За всю ночь Людмила к подушке и не приткнулась. Когда ни проснусь, она все так же сидит, мокрое полотенце у меня на лбу держит. К утру мои дела поправились. Тогда и Людмила прямо так, не раздеваясь прилегла. Она задремала, а я в первый и последний раз в жизни так долго смотрел в ее лицо. На длинные ресницы, на слегка припухшие губы смотрел, на высокий лоб, черные волосы, маленькие уши, смотрел и не мог утолить взгляда. Она, видно, почуяла мой взгляд, открыла глаза:
- Что, Капитан? Почему так пристально смотрите?
- Расстаемся ведь. Потом рад буду посмотреть, да...
- Раньше времени не грустите. Целый день еще впереди. Самый длинный день в году - двадцать третье июня.

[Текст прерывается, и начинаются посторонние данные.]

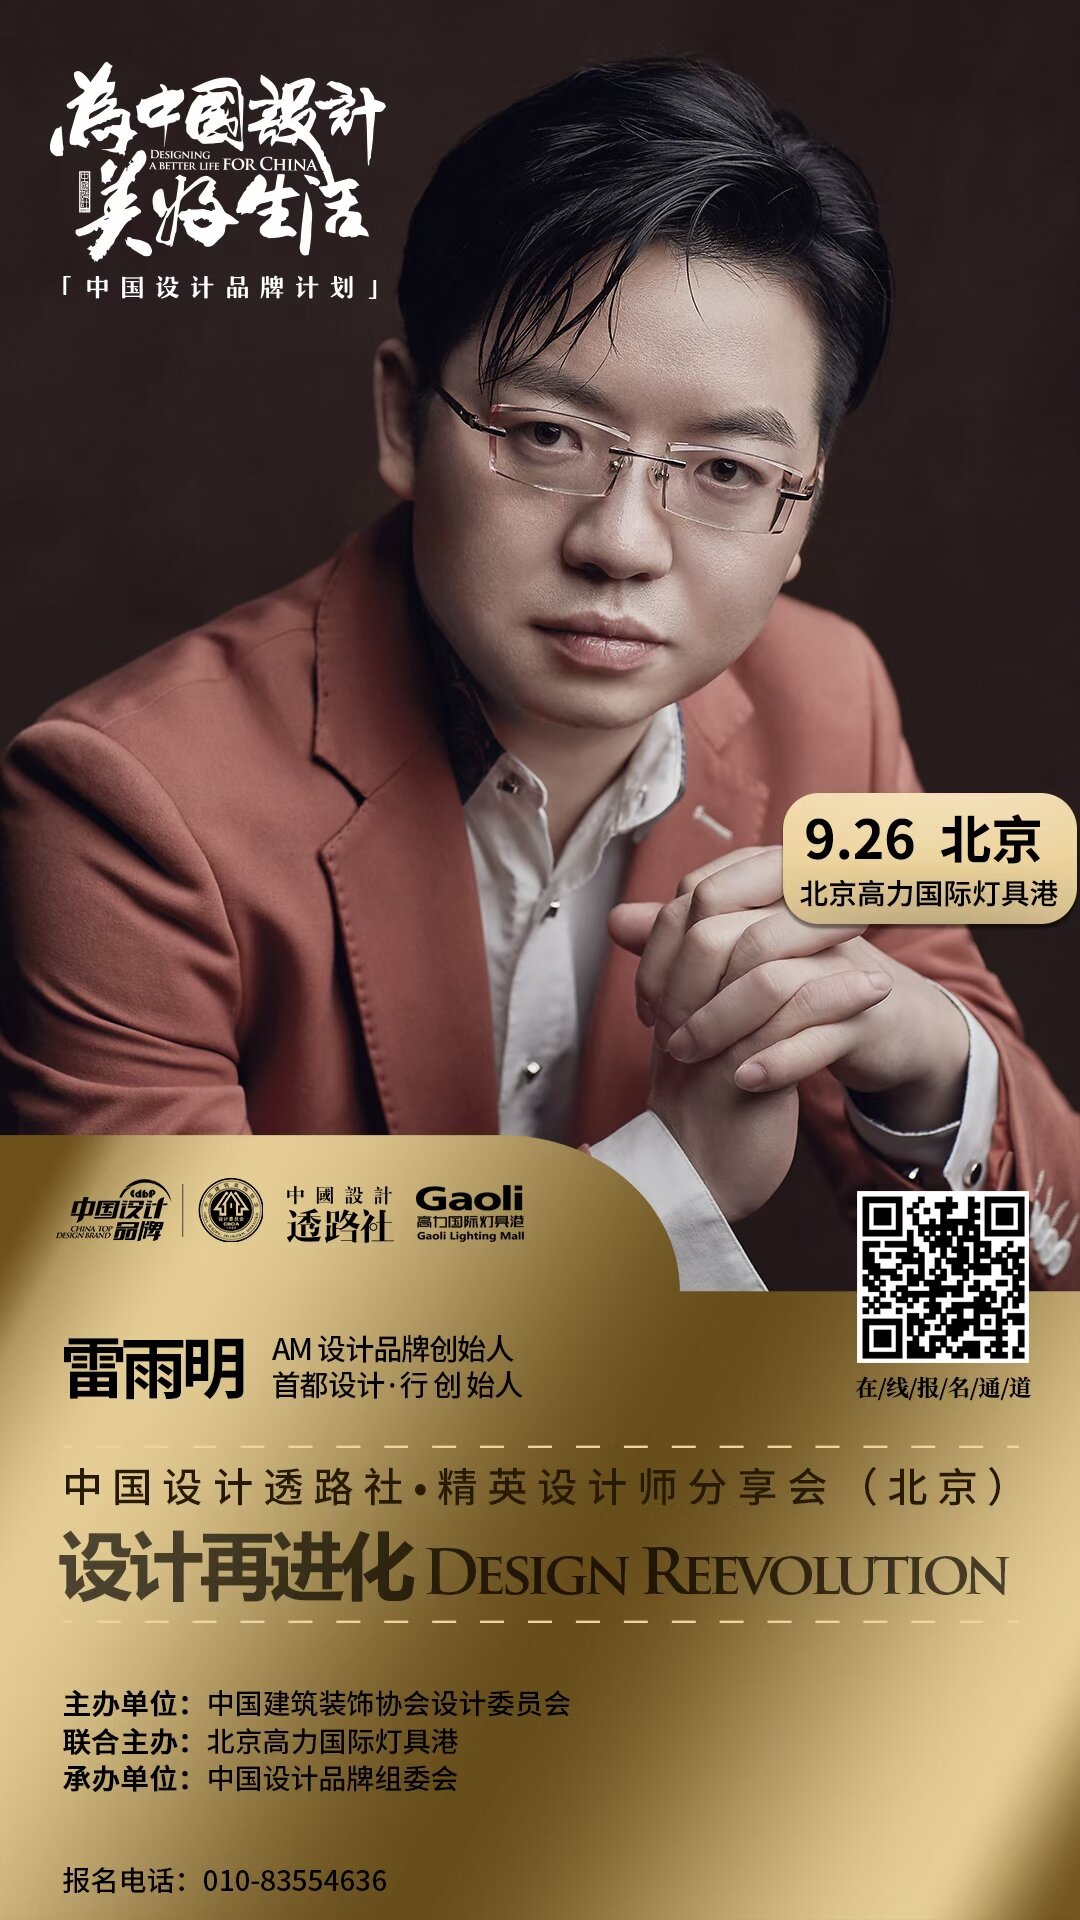 雷雨明先生出席 | 中国设计透路社·城市精英设计师分享会(北京)

Наверное, такого короткого, так быстро пролетевшего дня в моей жизни не было. Сверкнул, как выбитая из кресала искорка. Ни людей, ехавших с нами в купе, ни зеленого летнего мира, бежавшего за окном, я и заметить не успел. День этот - весь был в глазах Людмилы. Она только веки подняла и опустила - он загорелся и погас.
Ночью мы приехали в Сталинград. Здесь поезд стоит полчаса. Отсюда Людмила поедет на Ростов. Ее должен встречать муж. Мы взяли ее вещи и вышли из вагона. Льет дождь. Ждем Людмилиного мужа. Никто не подходит к нам. Прошло, наверное, пять минут, десять... Стоим. Слов нет. Скоро с другим человеком другие будут слова говориться. А того все нет и нет. Решили больше не ждать, идти к вокзалу. Порядком в стороне стояло дощатое здание, это и был вокзал. Дойдя до крыльца, Людмила протянула руку:
- Будь здоров, Капитан, прощай... Напиши мне. Одно письмо.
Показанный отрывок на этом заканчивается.